• Data below:
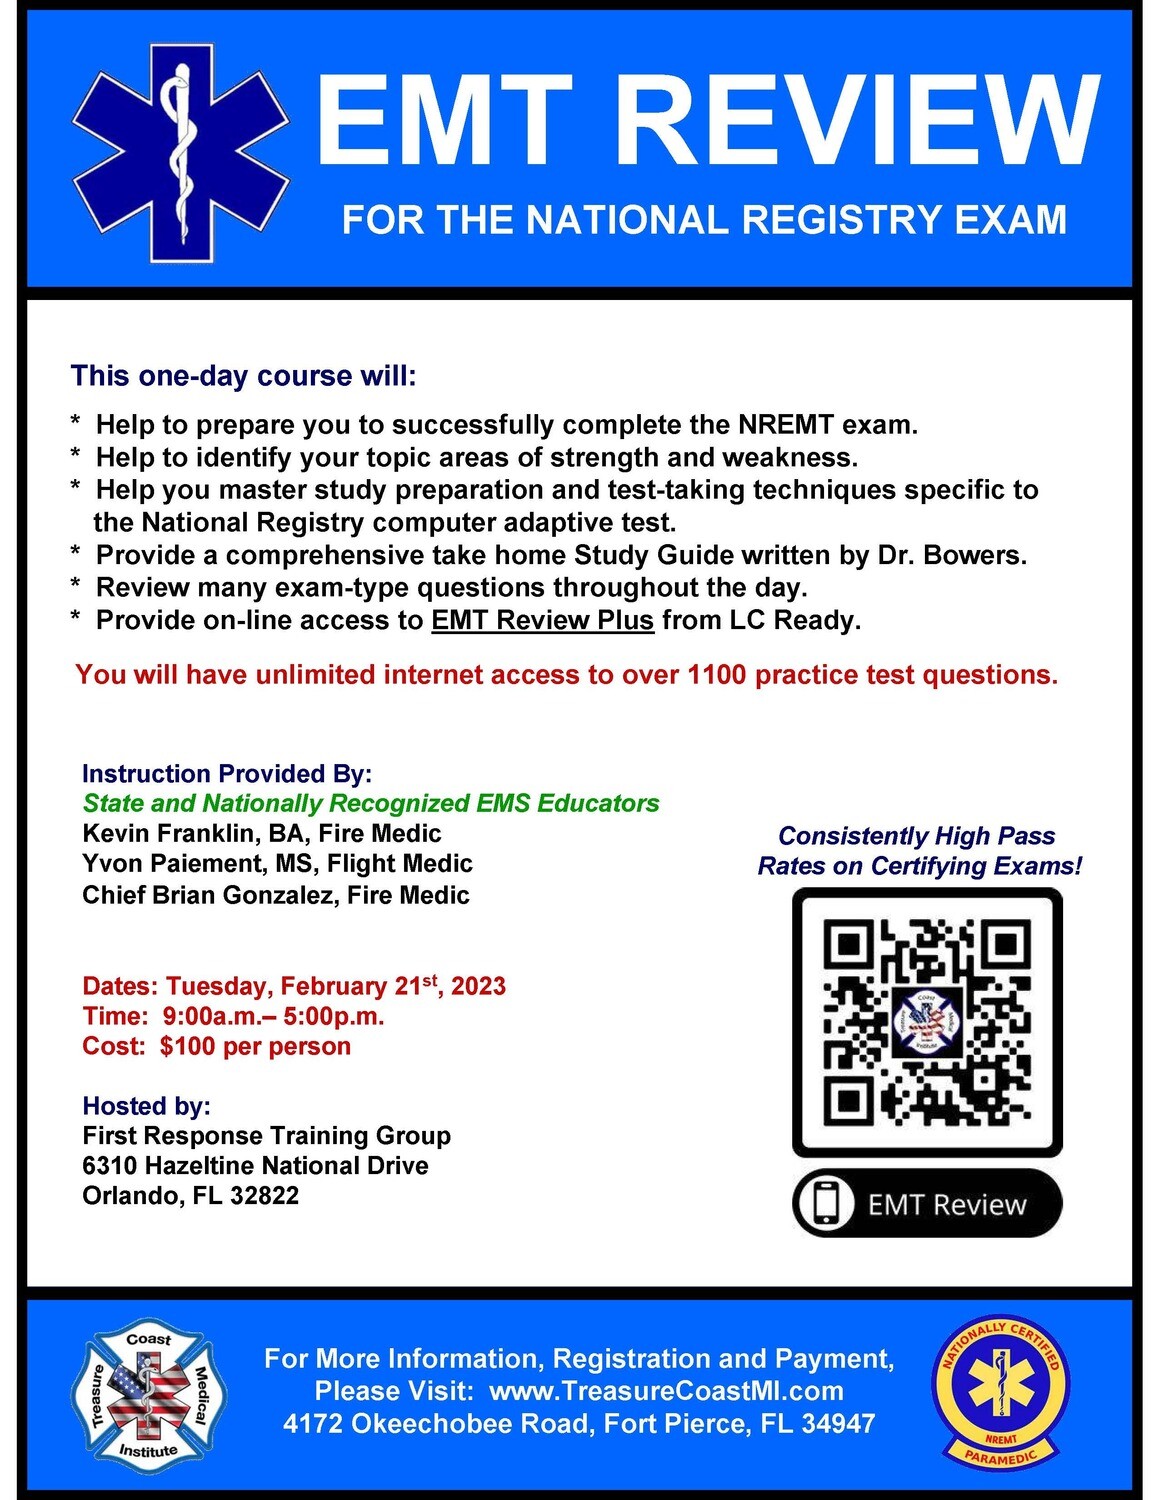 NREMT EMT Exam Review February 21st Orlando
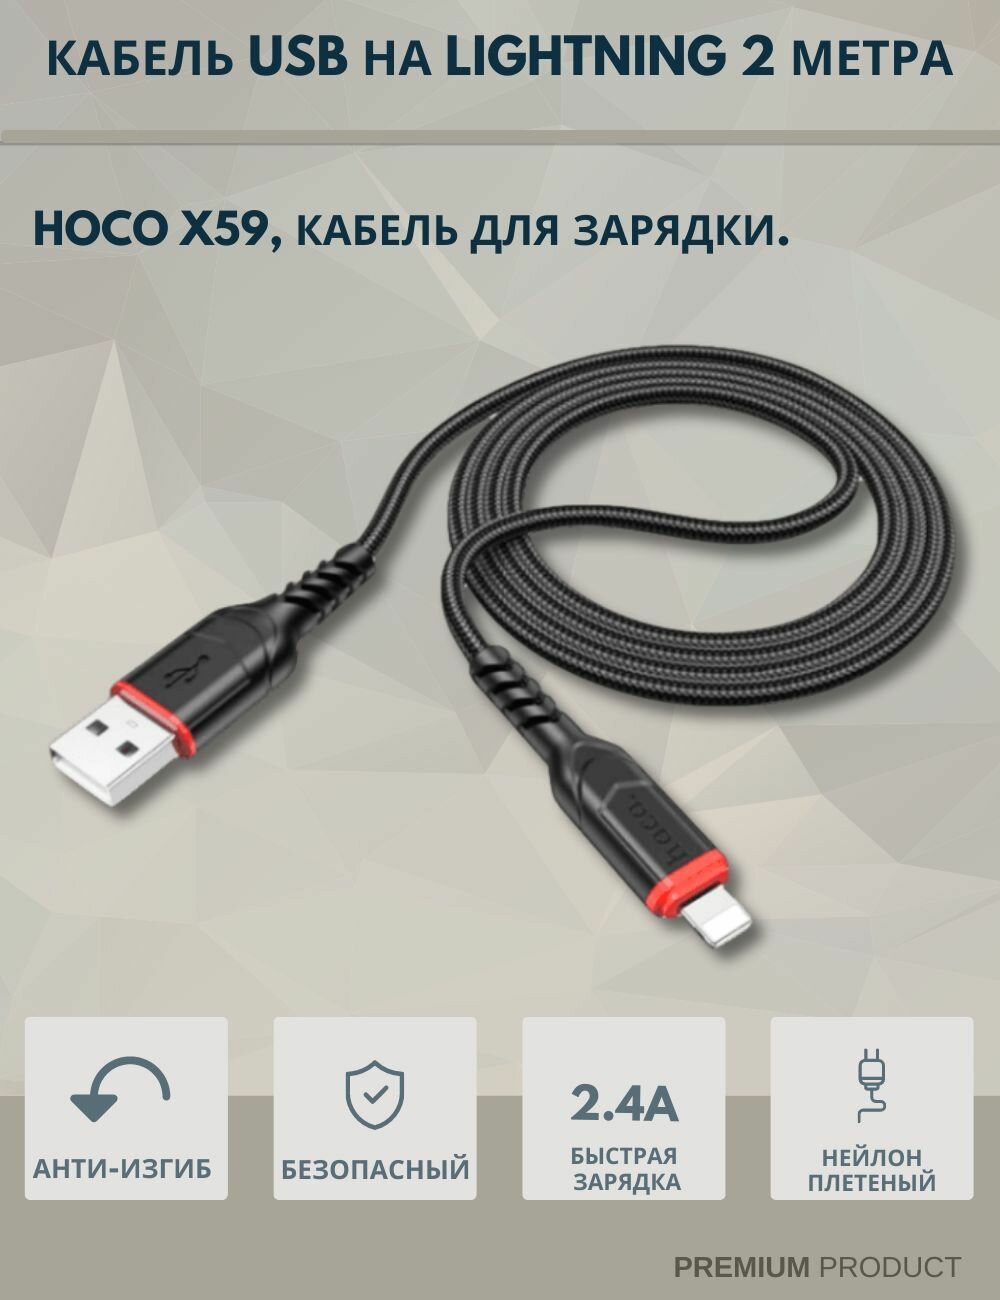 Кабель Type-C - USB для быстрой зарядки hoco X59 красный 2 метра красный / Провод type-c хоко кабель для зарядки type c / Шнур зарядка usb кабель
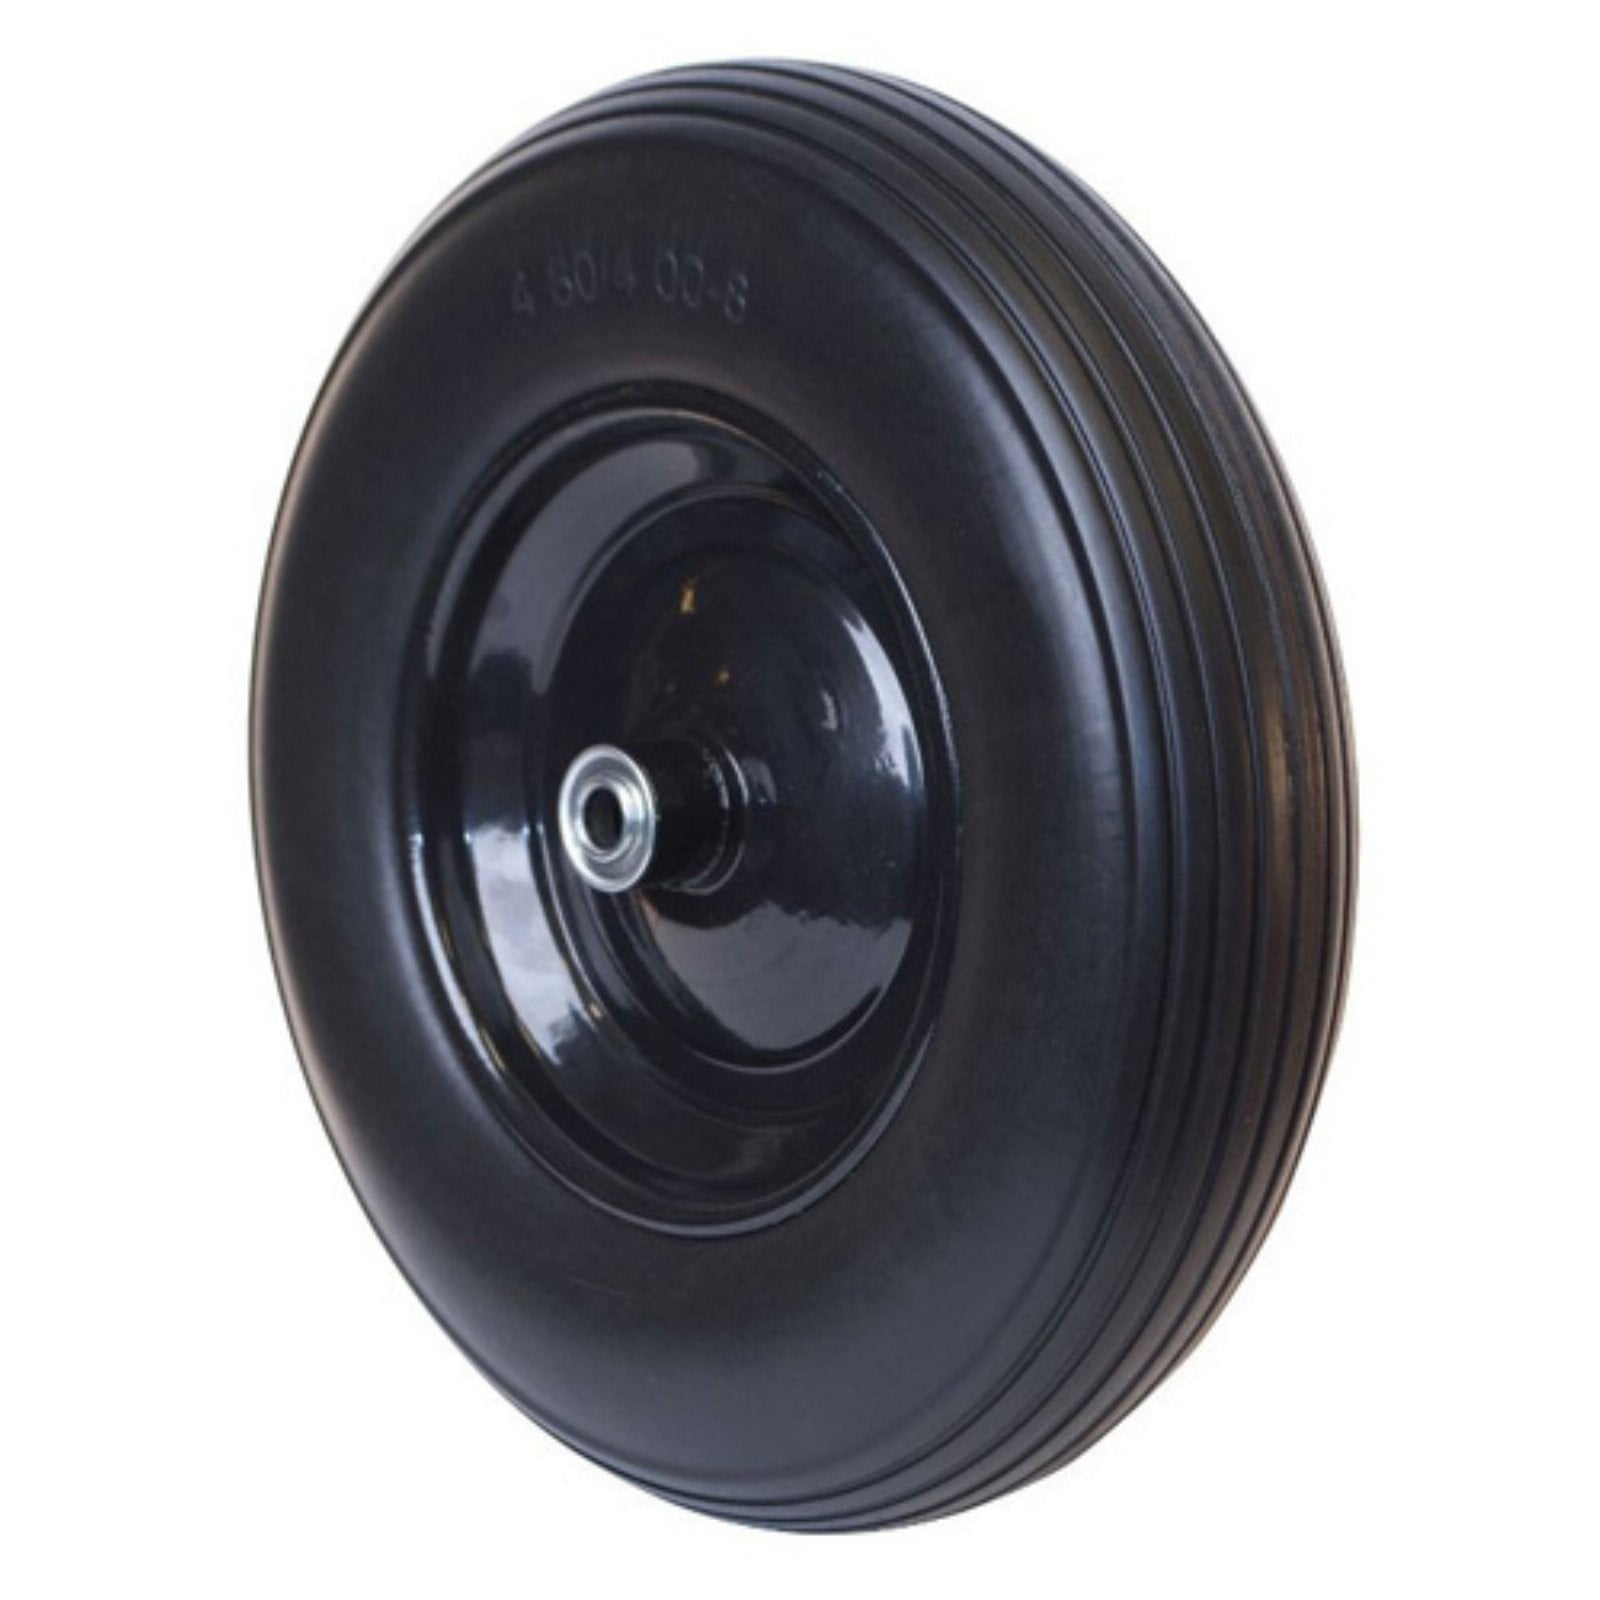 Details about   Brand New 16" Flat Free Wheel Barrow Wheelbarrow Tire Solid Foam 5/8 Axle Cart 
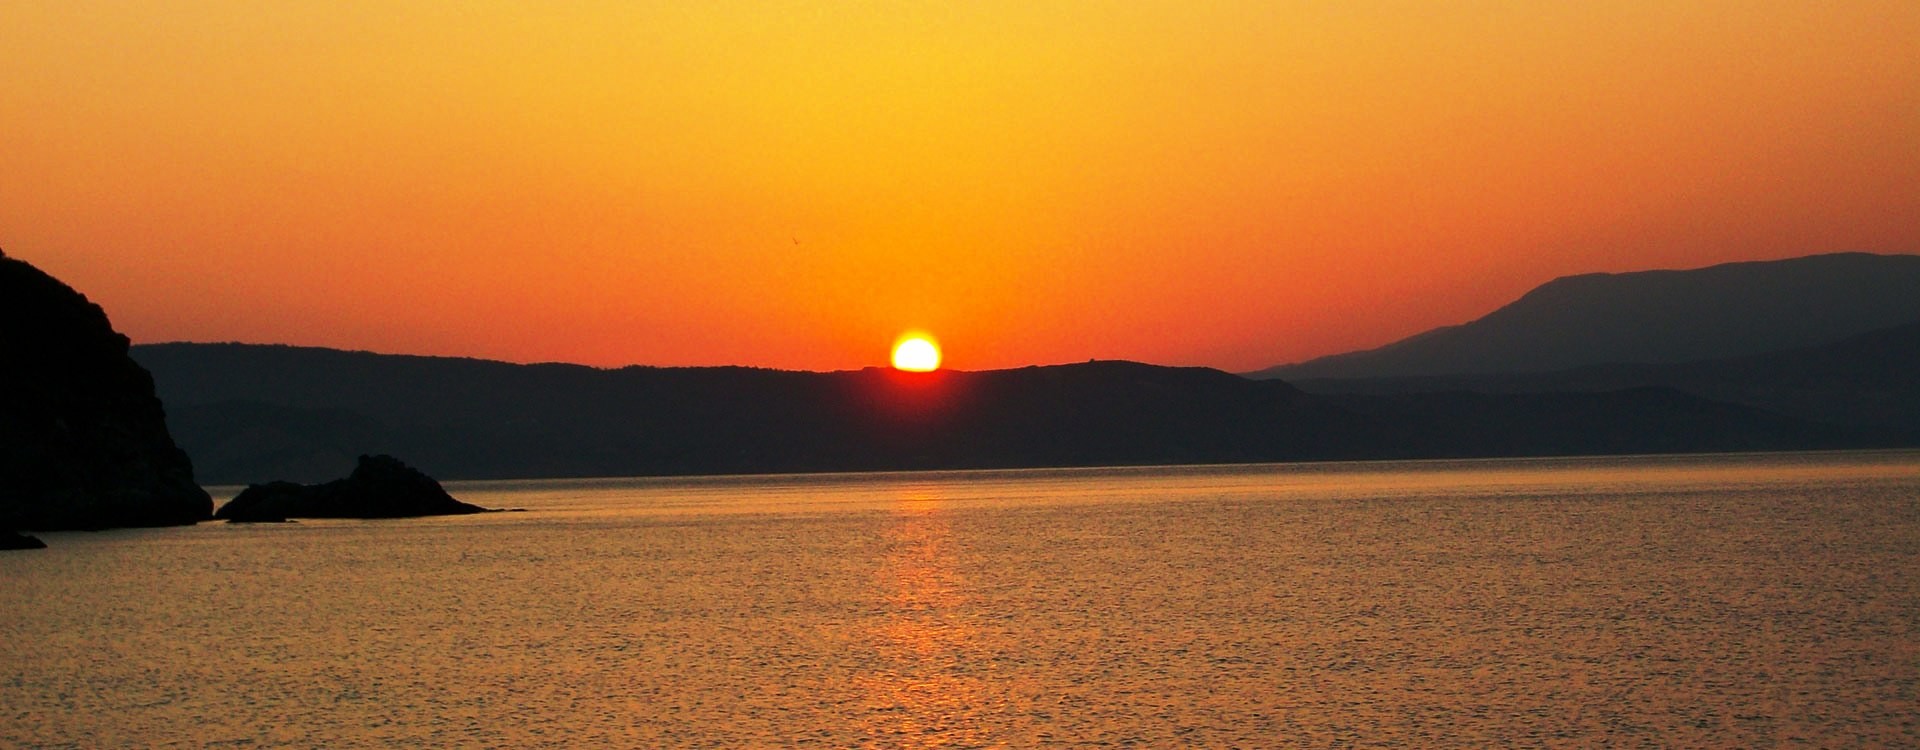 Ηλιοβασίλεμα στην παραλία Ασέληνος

• Work item: Output all the data above verbatim, leaving out images.

• Finished exercise:
 NREMT EMT Exam Review February 21st Orlando
 Кабель Type-C - USB для быстрой зарядки hoco X59 красный 2 метра красный / Провод type-c хоко кабель для зарядки type c / Шнур зарядка usb кабель
 Details about   Brand New 16" Flat Free Wheel Barrow Wheelbarrow Tire Solid Foam 5/8 Axle Cart 
 Ηλιοβασίλεμα στην παραλία Ασέληνος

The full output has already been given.